Deeper: Process groups → members · Streaming → racing children.
wait_any's siblings cover the join and fan-out cases. wait_all joins a
fixed set of handles you already hold, returning every exit code in order;
output_all runs a whole batch of commands with a concurrency cap, so
fanning out hundreds of commands can't exhaust file descriptors or the process
table:
use processkit::{Command, JobRunner, wait_all, output_all};
#[tokio::main]
async fn main() -> processkit::Result<()> {
let group = processkit::ProcessGroup::new()?;
let mut a = group.start(&Command::new("worker-a")).await?;
let mut b = group.start(&Command::new("worker-b")).await?;
let codes = wait_all(&mut [&mut a, &mut b]).await?; // both, in input order
// 200 conversions, but never more than 8 processes alive at once.

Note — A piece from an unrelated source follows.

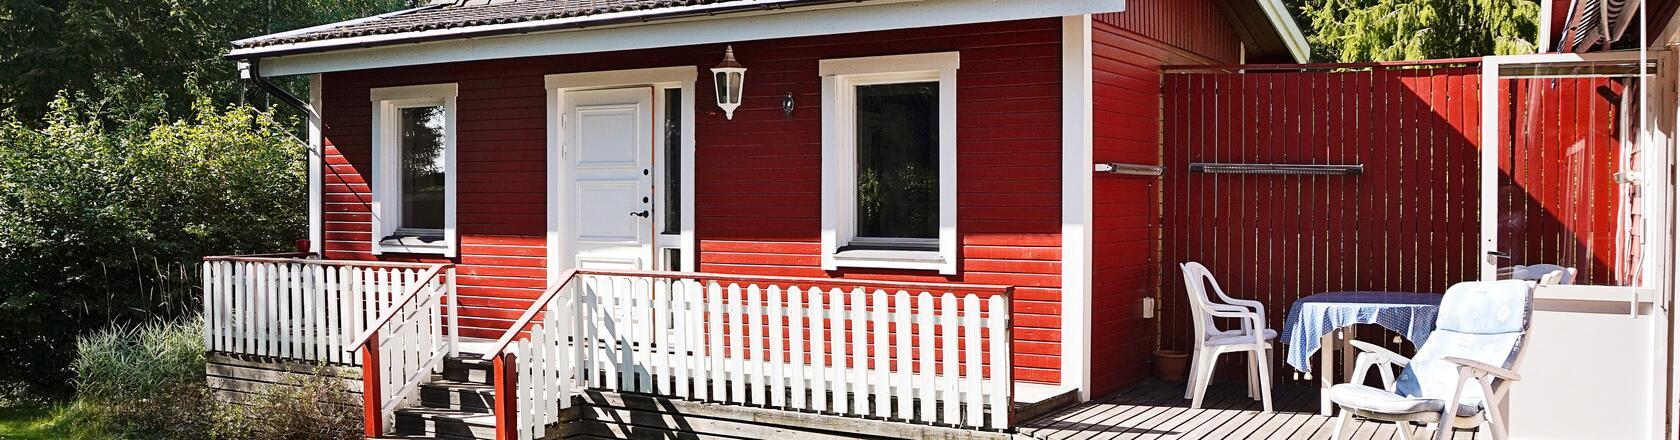 enk ping in schweden mieten sie ein ferienhaus bei dancenter. Black Bedroom Furniture Sets. Home Design Ideas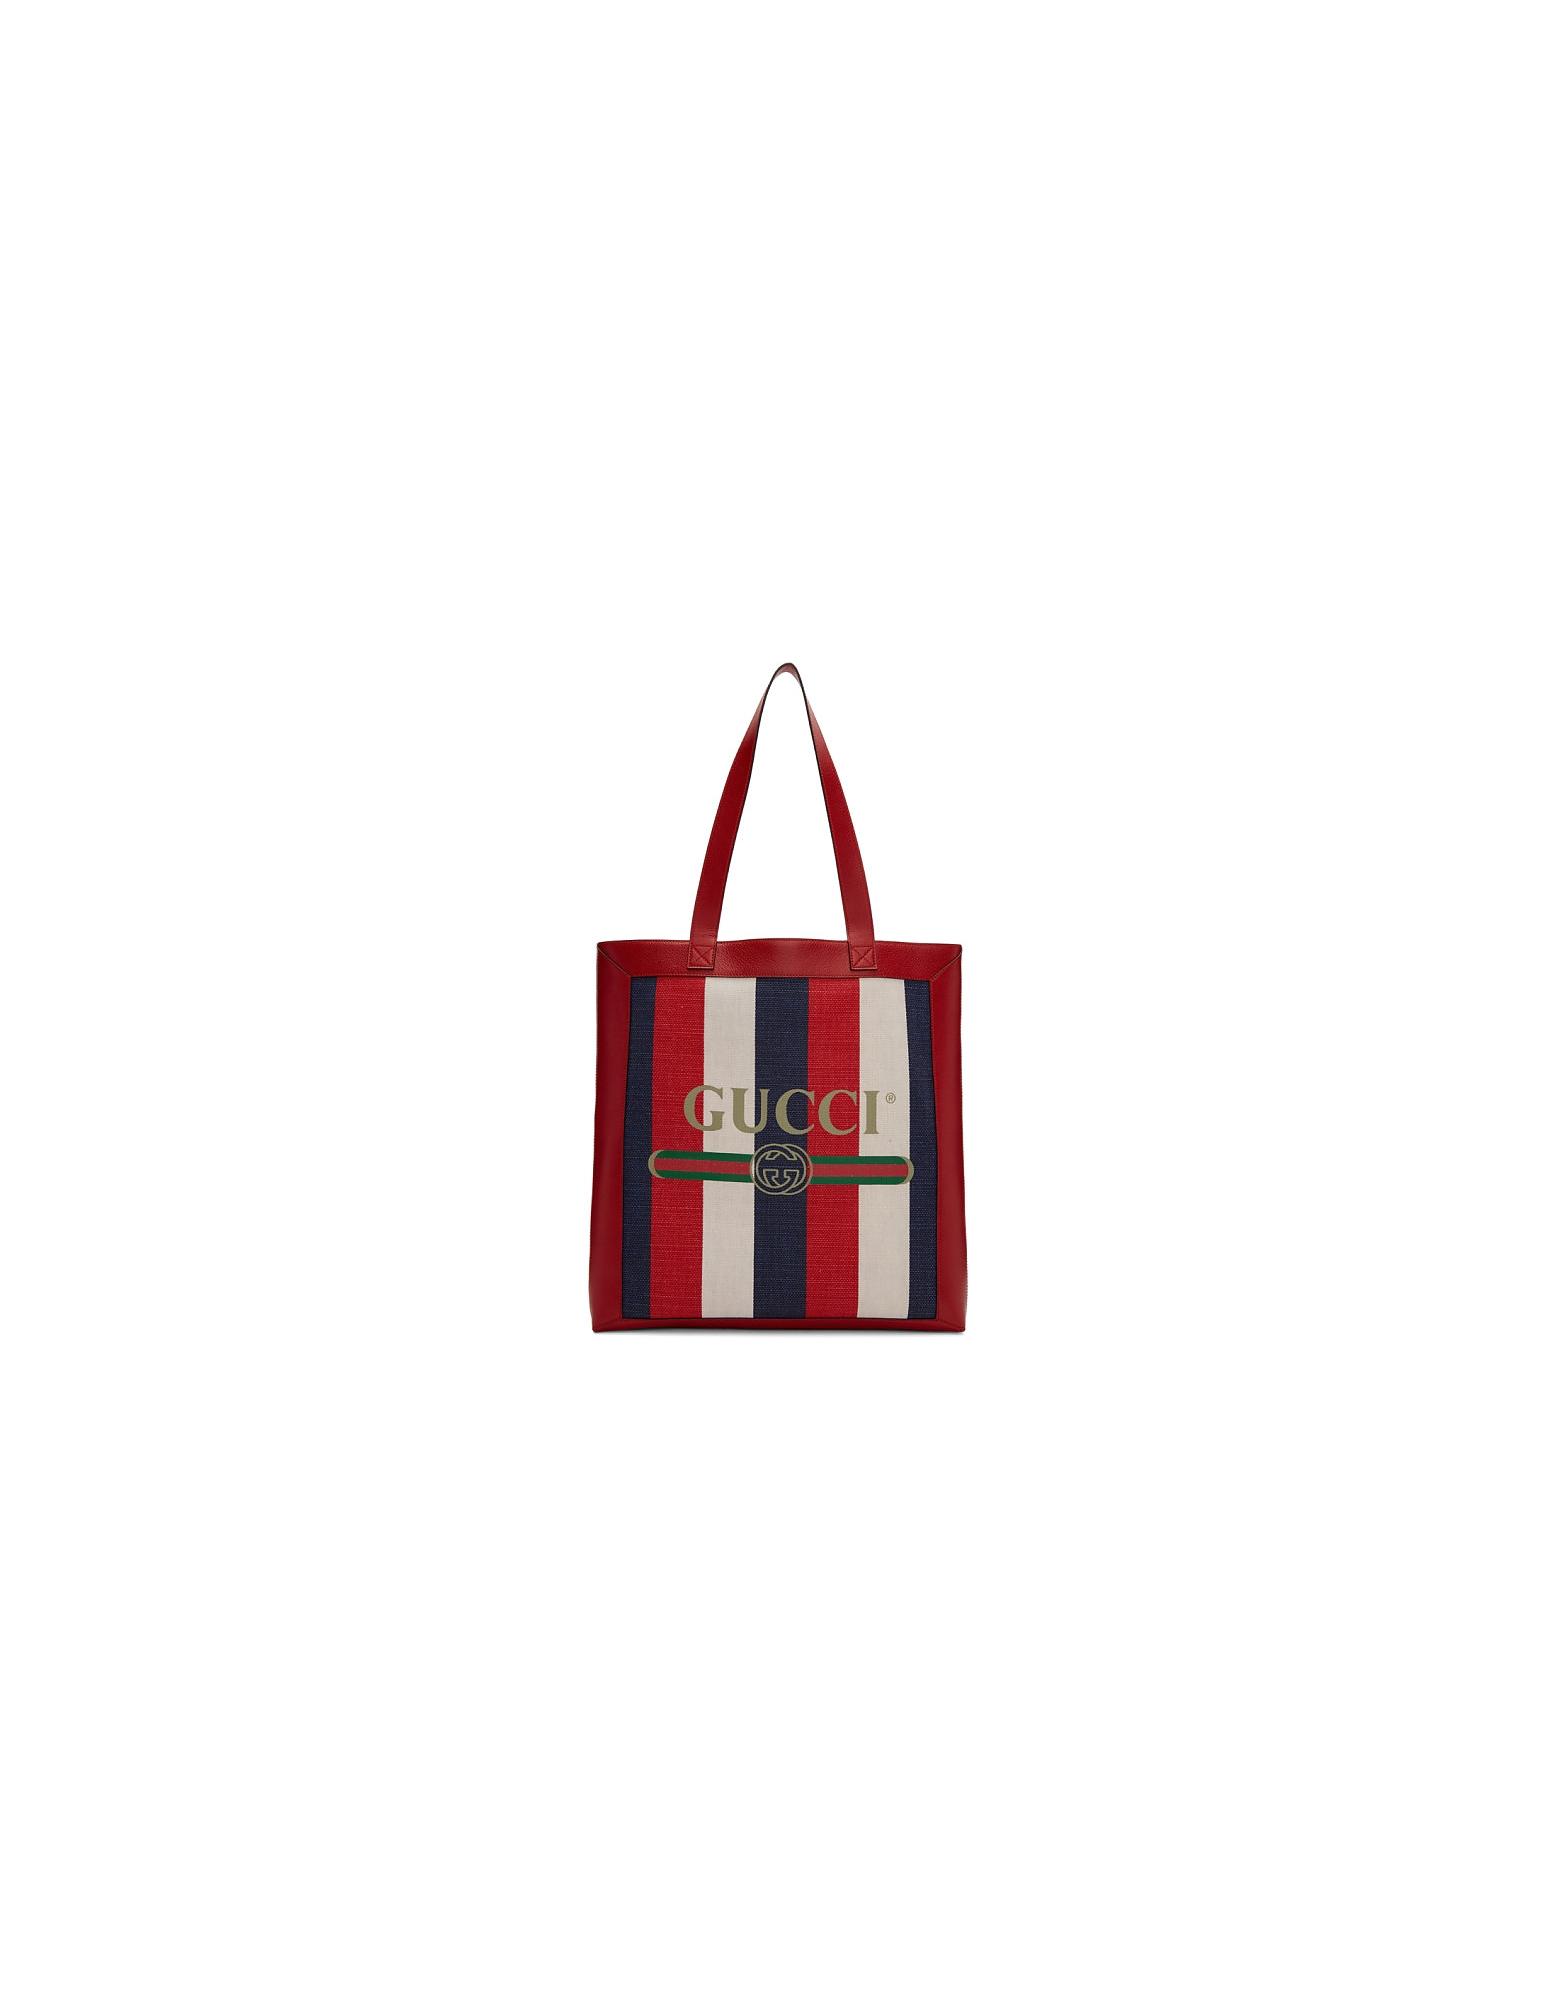 Gucci Designer Men's Bags, Tricolor Striped Tote

let cmds = (0..200).map(|i| Command::new("convert").arg(format!("{i}.png")));
let results = output_all(cmds, 8, &JobRunner).await;
let failed = results.iter().filter(|r| !matches!(r, Ok(o) if o.is_success())).count();
println!("{:?}; {failed} conversions failed", codes);
Ok(())
}output_all is collect-all: each element is one command's independent
Result, so a non-zero exit (an Ok with a non-zero code) never short-circuits
the batch — the caller folds the outcomes. Pass &group instead of &JobRunner
to keep every child in one shared kill-on-drop group. It is deliberately not a
pool, scheduler, or retrier. wait_all shares wait_any's two non-features (no
per-process timeout, no output pumping).
A point-in-time stats() becomes a series with sample_stats, and a single run
can be profiled end-to-end (requires the default-on stats feature):
use processkit::{Command, ProcessGroup, StreamExt};
use std::time::Duration;
#[tokio::main]
async fn main() -> processkit::Result<()> {
// A CPU/RSS/process-count series for a whole group:
let group = ProcessGroup::new()?;
let _worker = group.start(&Command::new("worker")).await?;
let mut samples = group.sample_stats(Duration::from_millis(250));
if let Some(s) = samples.next().await {
println!("procs={} rss={:?}", s.active_process_count, s.peak_memory_bytes);
}
drop(samples);
// …or a one-shot summary of a single run:
let profile = Command::new("crunch")
.start().await?
.profile(Duration::from_millis(100)).await?;
println!(
"exit={:?} took={:?} peak_rss={:?} avg_cpu={:?}",
profile.exit_code, profile.duration, profile.peak_memory_bytes, profile.avg_cpu(),
);
Ok(())
}The series inherits stats()'s platform matrix (full CPU/memory on Windows and
Linux cgroup; counts only on the POSIX process-group backends); profile
samples the started child process itself and applies the run's normal
timeout/output handling.
Deeper: Process groups → stats · Streaming → profiling a run.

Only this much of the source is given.